То есть даже не его, а только его голову.
Из узкого окошечка двери, очевидно, просунутая туда со страшным усилием, торчала совершенно неподвижная мертвая, восковая голова… Была она до странности желтая, и выражения. На этом лице человеческом ровно никакого не примечалось… Это была мертвая голова, и на мертвом лице два огромные мертвые глаза, выпученные до того, что видны были все жилы и нервы, от страшного напряжения налитые кровью… Они чуть-чуть двигались, непрерывным круговым движением, внимательно и упорно стараясь видеть все сразу. Они выпучились в нашу сторону и, мне показалось, еще больше вылезли из орбит. Но по-прежнему никакого выражения в них не было… разве если бы мертвец, два дня пролежавший в гробу, мог испугаться, он так смотрел бы!
Мы все разом остановились. Кто-то ахнул, кто-то наступил мне на ногу, и чуть-чуть мы не бросились бежать по лестнице, толкаясь, как стадо баранов… Но вместо того вдруг страшная злоба, потрясшая все тело мучительной дрожью, овладела всеми. Захотелось, чтобы эта голова спряталась, или закричала, или гримасничала, что ли, но только чтобы она не смотрела так!.. И вместо того, чтобы: бежать, мы кинулись к двери, и начальник тюрьмы первый заорал во всю глотку: «Ну, ну, ну… ты!»
Но ужас был в том, что и после нашего стремительного движения, после этого злобного крика голова не пошевельнулась. Она только тихонько повернула свои страшные глаза к нам и опять замерла. И как-то так случилось, что я очутился впереди всех, и прямо перед моим лицом, так близко, что мне видны были даже ресницы и кровяные жилки в белках, оказалась мертвая голова. Она показалась мне огромной… И вдруг я ясно увидел, как вытянулись из орбит, налитых кровью, два громадные глаза, придвинулись ко мне, вошли в мои глаза и пристально взглянули в самый мозг…

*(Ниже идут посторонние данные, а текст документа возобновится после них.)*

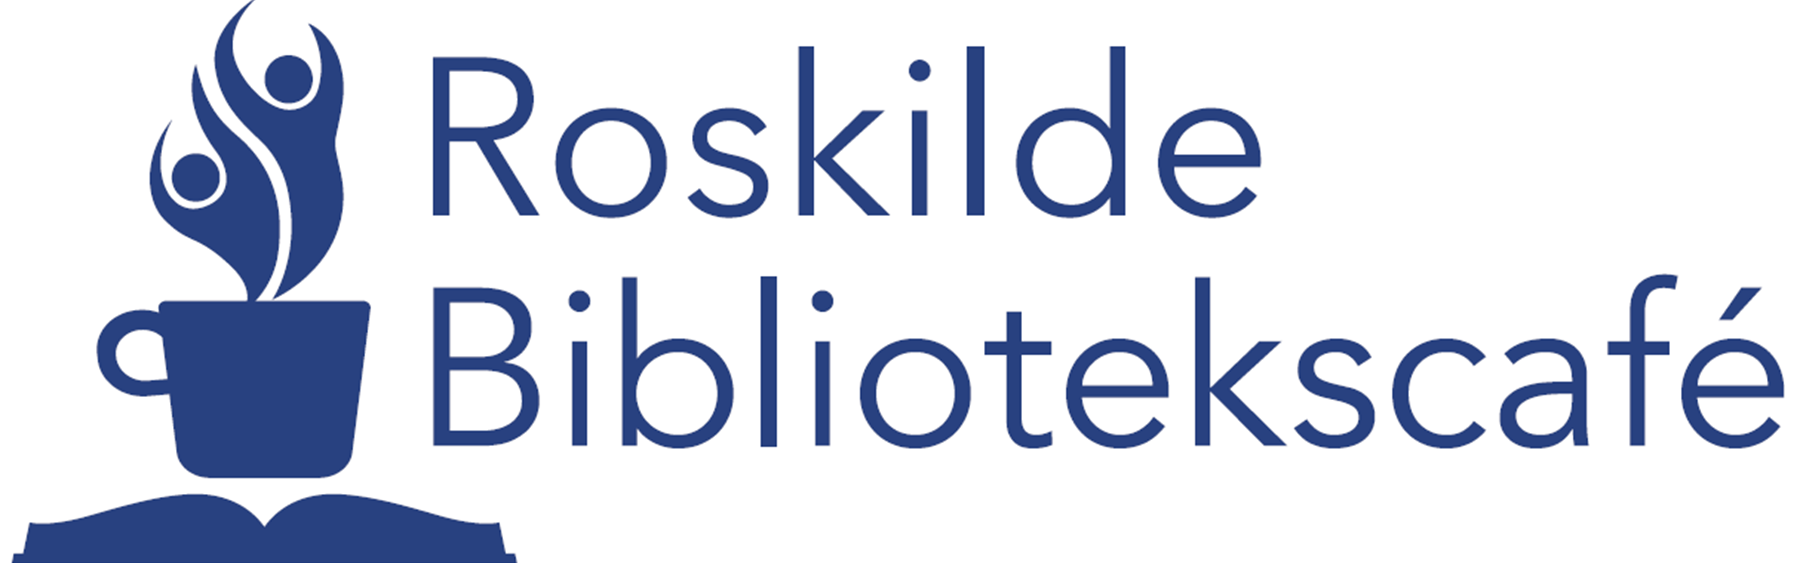 Roskilde Bibliotekscafés logo

Тут сделался со мной истерический припадок, после которого я два месяца пробыл в больнице, а когда поправился — немедленно подал в отставку.

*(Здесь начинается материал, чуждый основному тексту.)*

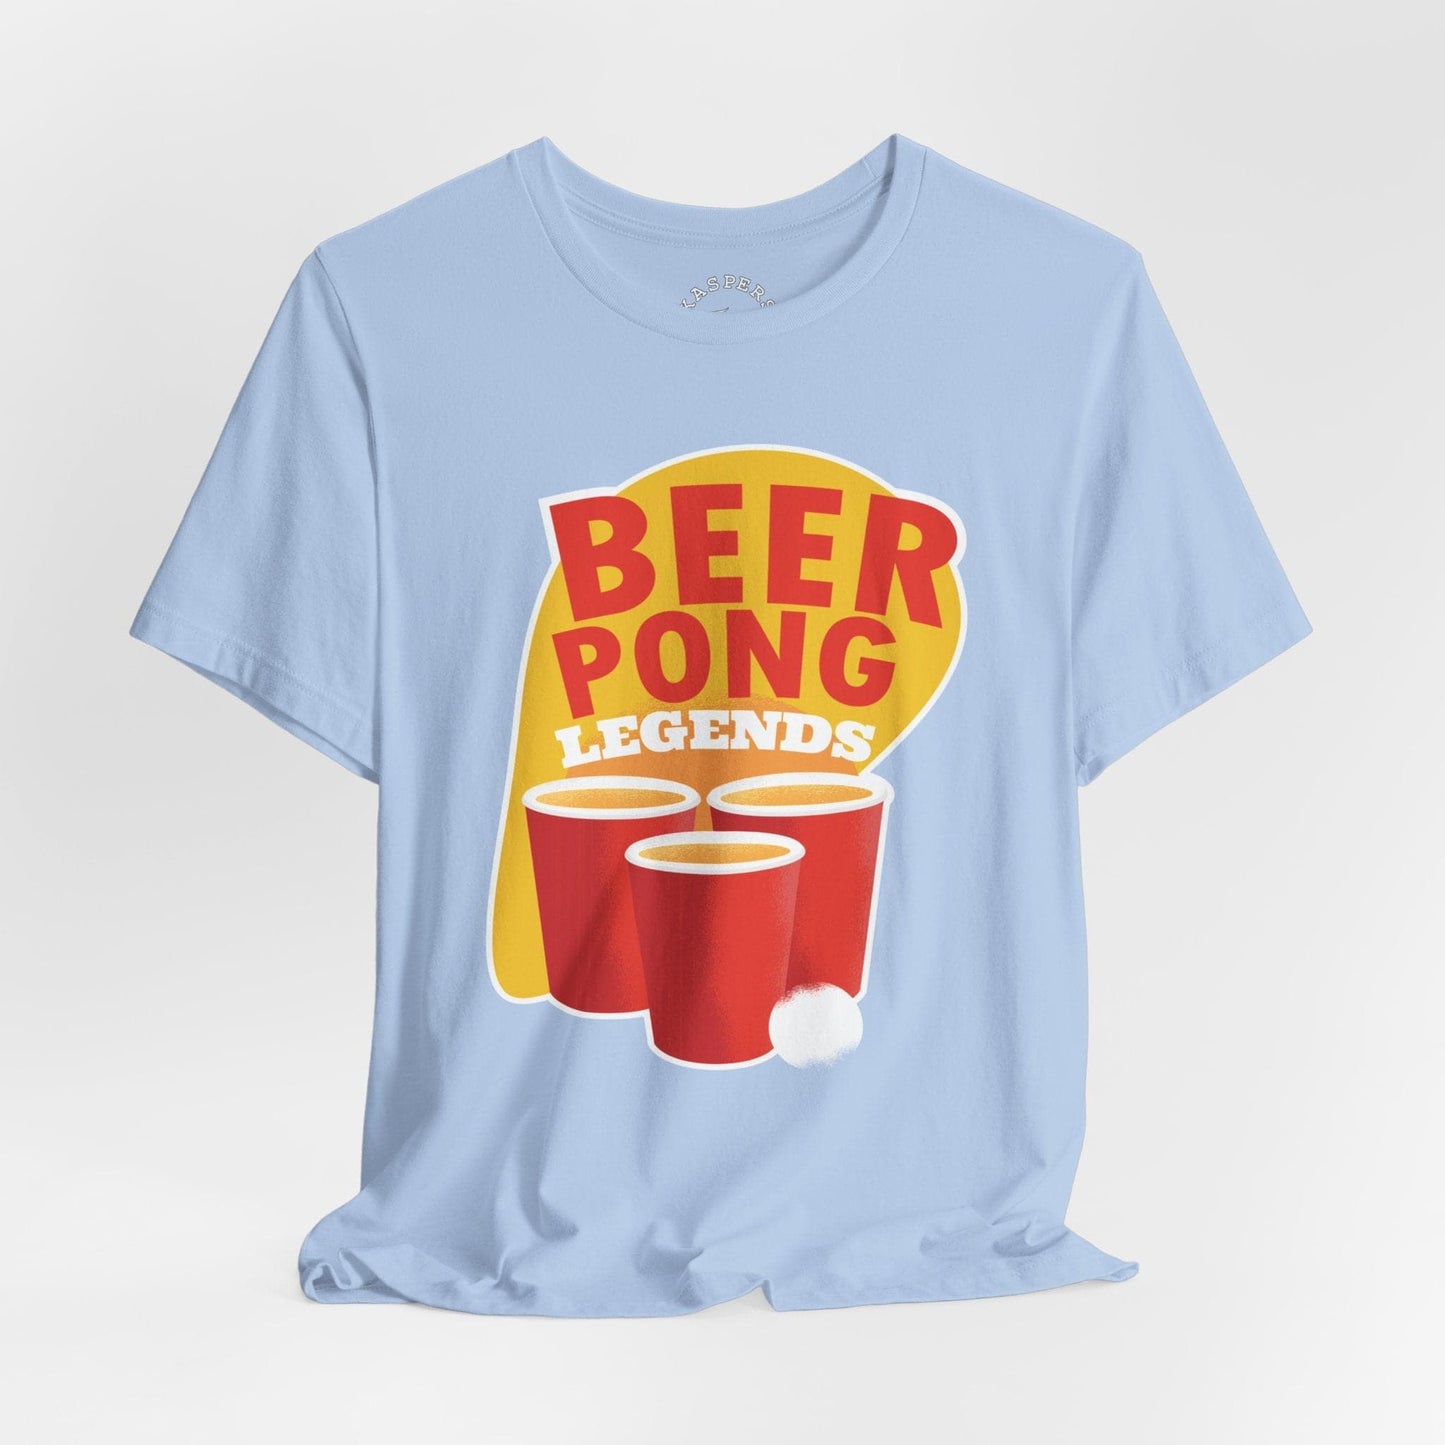 Beer Pong Legends T-Shirt

Солдат часовой потом рассказывал, что голова показалась еще в сумерки. Она осторожно выдвинулась, посмотрела, спряталась, со страшным усилием протиснулась в форточку и замерла. И так торчала целую ночь. Сначала он кричал на нее, грозил, пугал штыком, а потом ослаб…

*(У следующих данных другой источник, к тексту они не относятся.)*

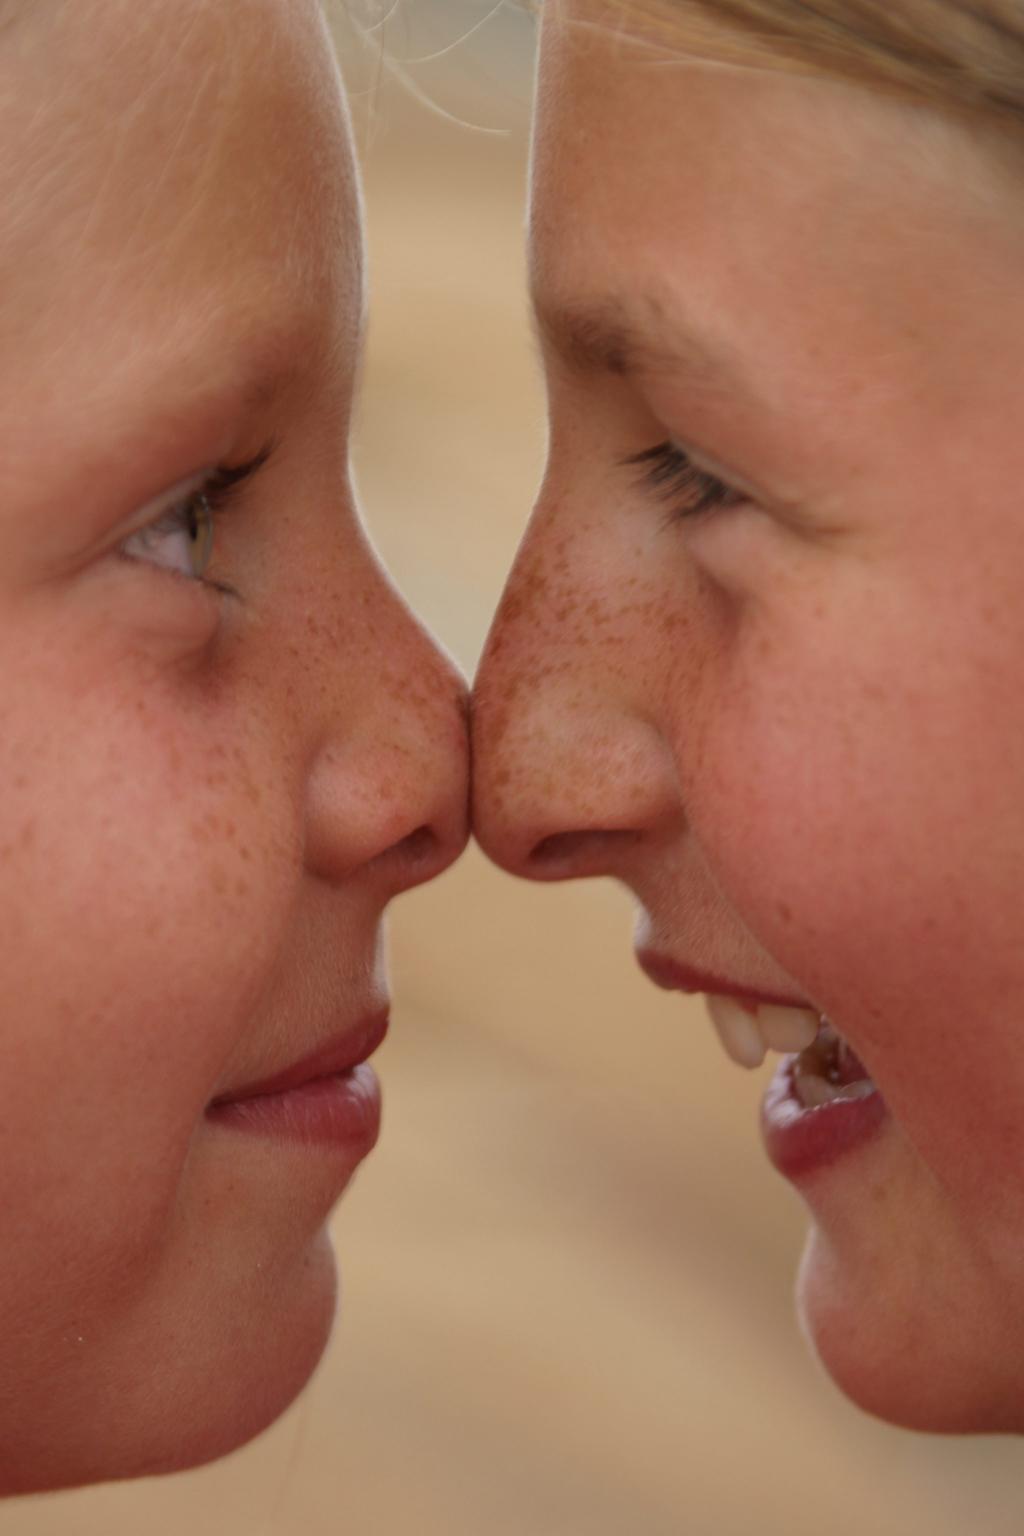 To barn som pressar nasane mot kvarandre. Foto.

Убийца был роста небольшого и для того, чтобы достать до форточки, должен был стоять на цыпочках, а форточка была так мала, что когда ее вытаскивали, то ободрали всю кожу на ушах и челюстях. И так стоял он и смотрел всю ночь, очевидно, стараясь вобрать в себя всякую мелочь — свет, вонючую лампу, солдата с ружьем… все, — чтобы не забыть, насмотреться в эти последние часы жизни, которую отнимали у него навсегда.
Интересно знать, вспоминал ли он о своих жертвах, о зарезанной им самим бабе и о замученной Таньке?.. Не думаю!.. Своя жизнь дороже всего! И когда ее отнимают, все остальное должно казаться бесконечно ничтожным. Разве он мог думать, что его ждет достойное возмездие?.. Если и вспоминал, то, вероятно, со страшным озлоблением: из такой дряни, мол, погибаю!.. И если бы он мог, вероятно, опять бы убил их и еще с большим остервенением, с такой уже утонченной жестокостью, с таким сладострастием, что весь мир ужаснулся бы… и именно за то, что из-за этакой пакости ему такую муку приходится терпеть.
Да что говорить! Мне потом рассказывали, что уже перед самой смертью он вдруг как бы совсем успокоился, твердо прошел под виселицу, сам стал на табурет и стоял смирненько, пока прилаживали на нем саван и веревку… Только бормотал про себя:
— Скорей, скорей, скорей…
Бормотал, очевидно, для самого себя, страшно торопливо, едва успевая выговаривать и все ускоряя и ускоряя темп до того, что под конец уже ничего и разобрать было нельзя. А когда его сняли и палач содрал саван, оказалось, что он совершенно седой. Он поседел в эти две-три минуты, пока стоял под саваном, уже ничего не видя и только чувствуя, как вокруг его шеи копошатся цепкие пальцы палача.